In order to probe the precise function of Foxo1 in antigen-experienced T cell responses without confounding effects on naive T cell homeostasis as observed in T cell-specific Foxo1-deficient mice, the Cre recombinase under the control of human granzyme B promoter (GzmB-Cre) was used to deplete Foxo1 in later studies [73, 88]. In the GzmB-CreFoxo1^f/f mice, the generation of memory CD8⁺ T cells upon acute bacterial or viral infections was substantially diminished, and the recall response against secondary antigen challenge was severely impaired as well [73, 88]. Nevertheless, Foxo1 deficiency had minimal impact on effector T cell responses during the early stages of acute infection [73, 88]. Later on, after pathogen clearance, Foxo1-depleted CD8⁺ T cells retained high expression of effector molecules such as GzmB, suggesting that although superfluous for early effector responses, Foxo1 is critically required for the effector-to-memory transition [88]. Furthermore, recent studies led by Hedrick showed that the memory phenotype of CD8⁺ T cells in both acute and chronic viral infections must be actively maintained by the presence of Foxo1 [89, 90]. Acute inactivation of Foxo1 disrupts T cell memory and can lead to reversion to a short-lived effector phenotype [89, 90].

Consistent with the notion that Foxo1 plays a more important role in the precursors to memory cells than in effector T cells, KLRG1^lo memory precursor effector cells (MPECs) expressed higher levels of Foxo1 compared with KLRG1^hi short lived effector T cells (SLECs) [73, 88]. Mechanistically, Foxo1 regulates memory T cell differentiation through transactivating the Tcf7 gene, which encodes T cell factor 7 (Tcf-7, also known as Tcf-1), an essential transcription factor for memory formation [73, 88] (Figure 1a). Intriguingly, Delpoux et al reveled that naive CD8⁺ T cell Tcf7 expression is independent of Foxo1, yet Foxo1 and Tcf7 oppose effector programming and enable early memory prosperities in post-infection CD8⁺ T cells [91]. Moreover, Foxo1 has been shown involved in the epigenetic regulation of effector versus memory T cell fate. A recent study has indicated that SLECs have more repressive H3K27me3 deposition at numerous pro-memory and pro-survival genes relative to MPECs, and the H3K27me3 deposition is dependent on Foxo1 [92]. Reduced Foxo1 expression in SLECs may allow for increased activity of polycomb repressive complex 2 (PRC2) and stable epigenetic repression of the pro-memory genes, whereas increased Foxo1 expression in MPECs might shield the pro-memory genes from H3K27me3 deposition [92]. Nevertheless, the precise mechanism by which Foxo1 controls such chromatin remodeling awaits future investigation.

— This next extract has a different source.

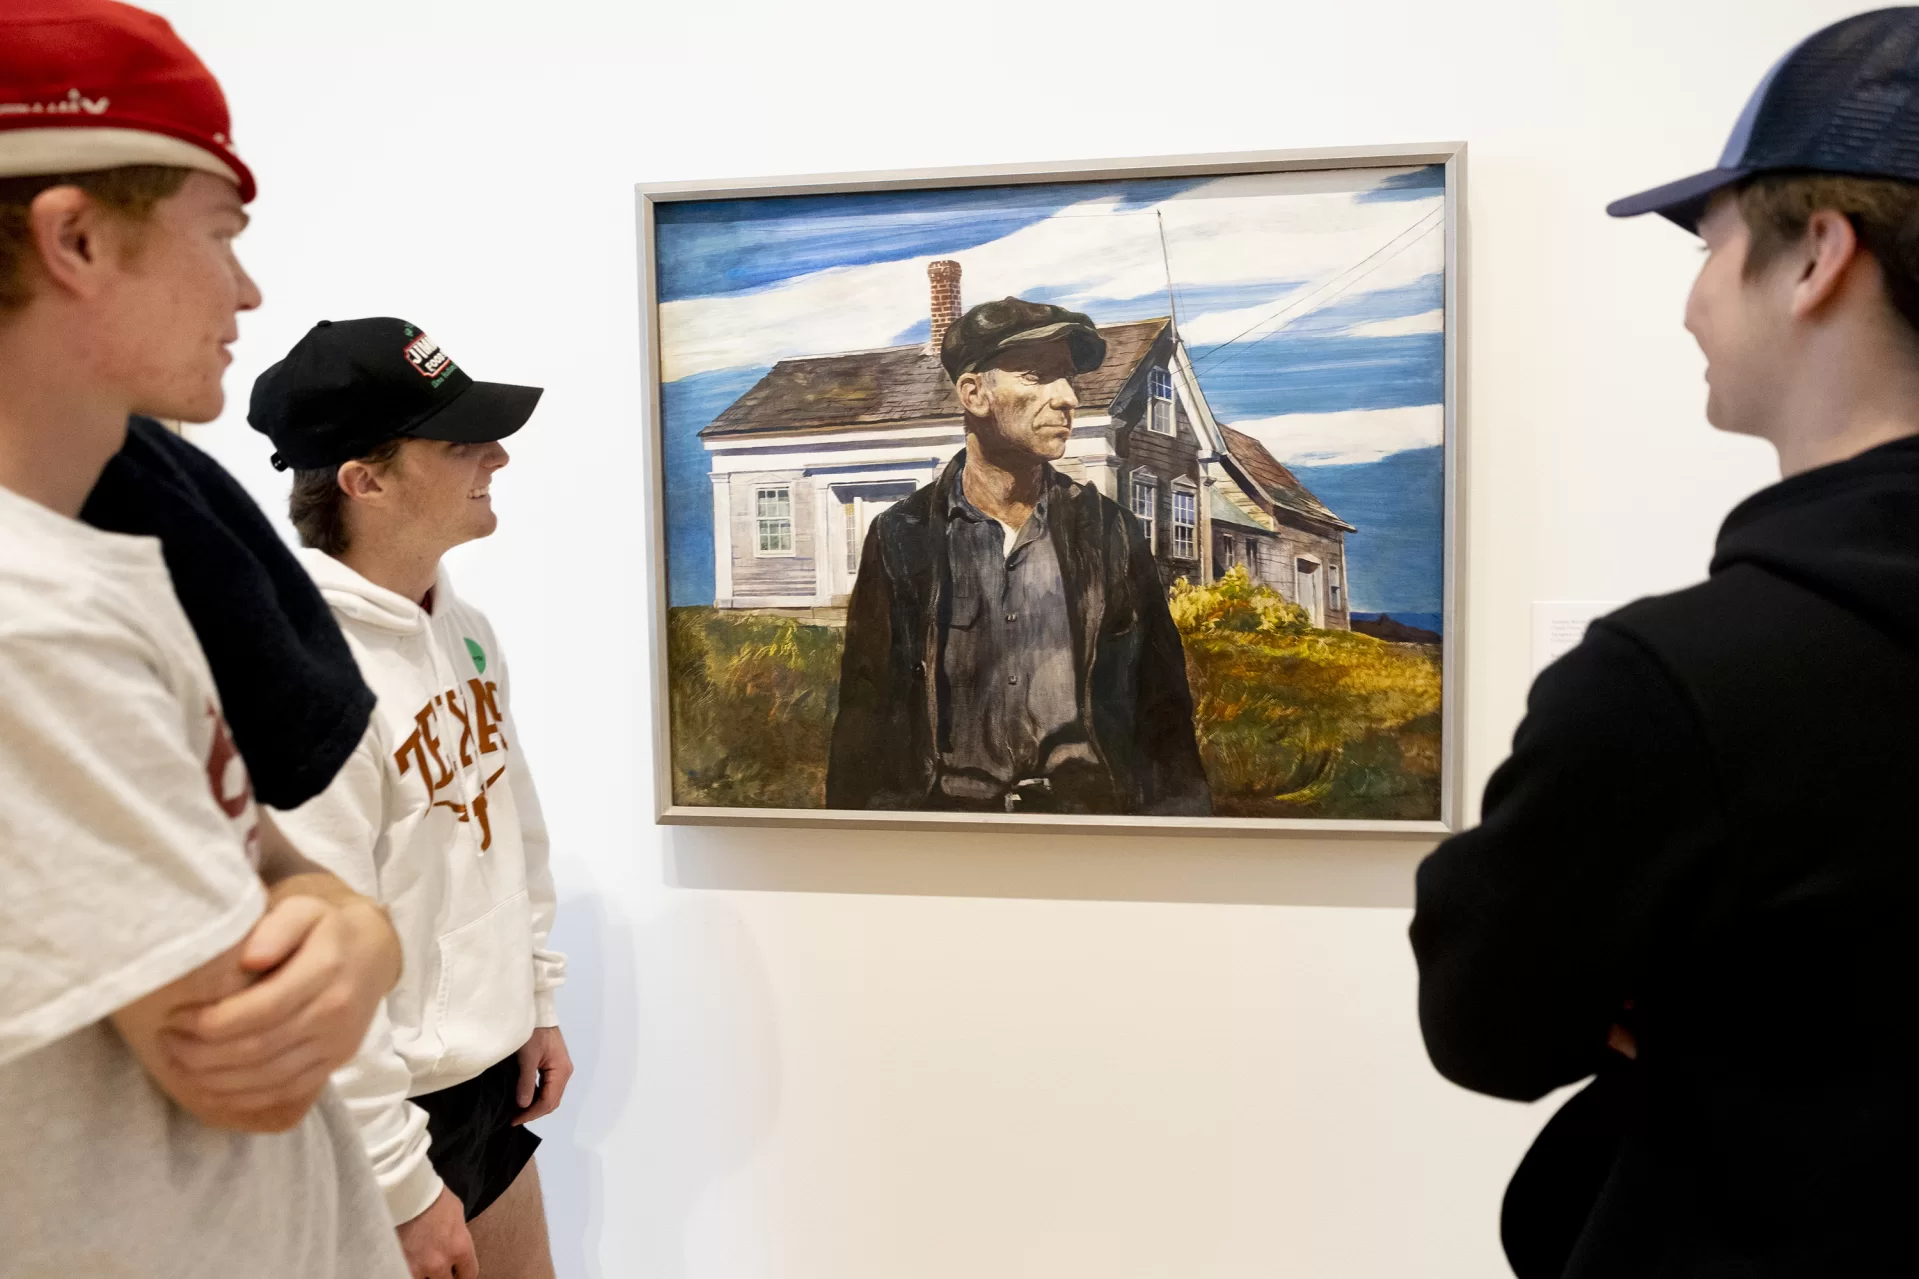 An early work of Andrew Wyeth’s, Charlie Ervine (1937, tempera on panel) captures the attention of Josh Smith of Farmington, Maine, Joe Yoxall ’26 of Dallas, and Liam Shlager of Ross, Calif. (Phyllis Graber Jensen/Bates College)

Staron et al compared the regulation of the PI3K-Akt-Foxo pathway in antigen-specific cytotoxic T lymphocytes (CTLs) during acute and chronic infections [93]. Antigen persistence during chronic infection triggers the differentiation of dysfunctional or exhausted CTLs that are characterized by their elevated expression of the inhibitory receptor PD-1 [94]. Exhausted CTLs show impaired PI3K-Akt-mTOR activation compared with the antigen-specific CTLs from acute infection, which is contributed in part by the PD-1 signaling [93]. Dampened Akt-mTOR activation then leads to enhanced nuclear retention and protein expression of Foxo1 in the exhausted CTLs [93]. Interestingly, the high Foxo1 activity is in turn needed to sustain PD-1 expression (via transactivation of the Pdcd1 gene), and the acquisition of PD-1^hiEomes^hi terminally exhausted state [93] (Figure 1a). Depletion of Foxo1 in mice resulted in markedly reduced population of viral-specific CD8⁺ T cells and poor control of viral load during chronic infection, even though the Foxo1-deficient T cells expressed higher level of GzmB [93]. Therefore, Foxo1 is critically required to sustain the expression of PD-1 and cell survival of CTLs during chronic infection. An intriguing positive feedback between PD-1 and Foxo1 is exploited by cytotoxic lymphocytes to support their homeostasis in response to persistent infection.

Foxo3 is the main isoform expressed in the myeloid compartment, and is expressed at a lower level in T cells compared with Foxo1. Nevertheless, numerous studies have demonstrated a role of Foxo3 in the regulation of memory T cell differentiation. Early work using global inactivation of Foxo3 revealed that Foxo3 restrains the expansion of T cells upon viral infection through limiting the production of inflammatory cytokines by dendritic cells and macrophages [80]. With T cell-specific Foxo3-deficient mice, Sullivan et al then showed that Foxo3 regulates memory responses in a T cell-intrinsic manner [95, 96]. In both acute and chronic viral infection models, loss of Foxo3 results in enhanced accumulation of antigen-specific T cells, which is associated with a reduction in cell death [95, 96]. In contrast to Foxo1, which promotes CD8⁺ central memory formation, loss of Foxo3 did not alter the composition of MPECs versus SLECs among antigen-specific T cells [97]. These findings imply that Foxo1 and Foxo3 regulate divergent aspects of effector and memory T cell responses. The exact molecular programs regulated by Foxo1 and Foxo3, and how they vary in different settings remain to be determined.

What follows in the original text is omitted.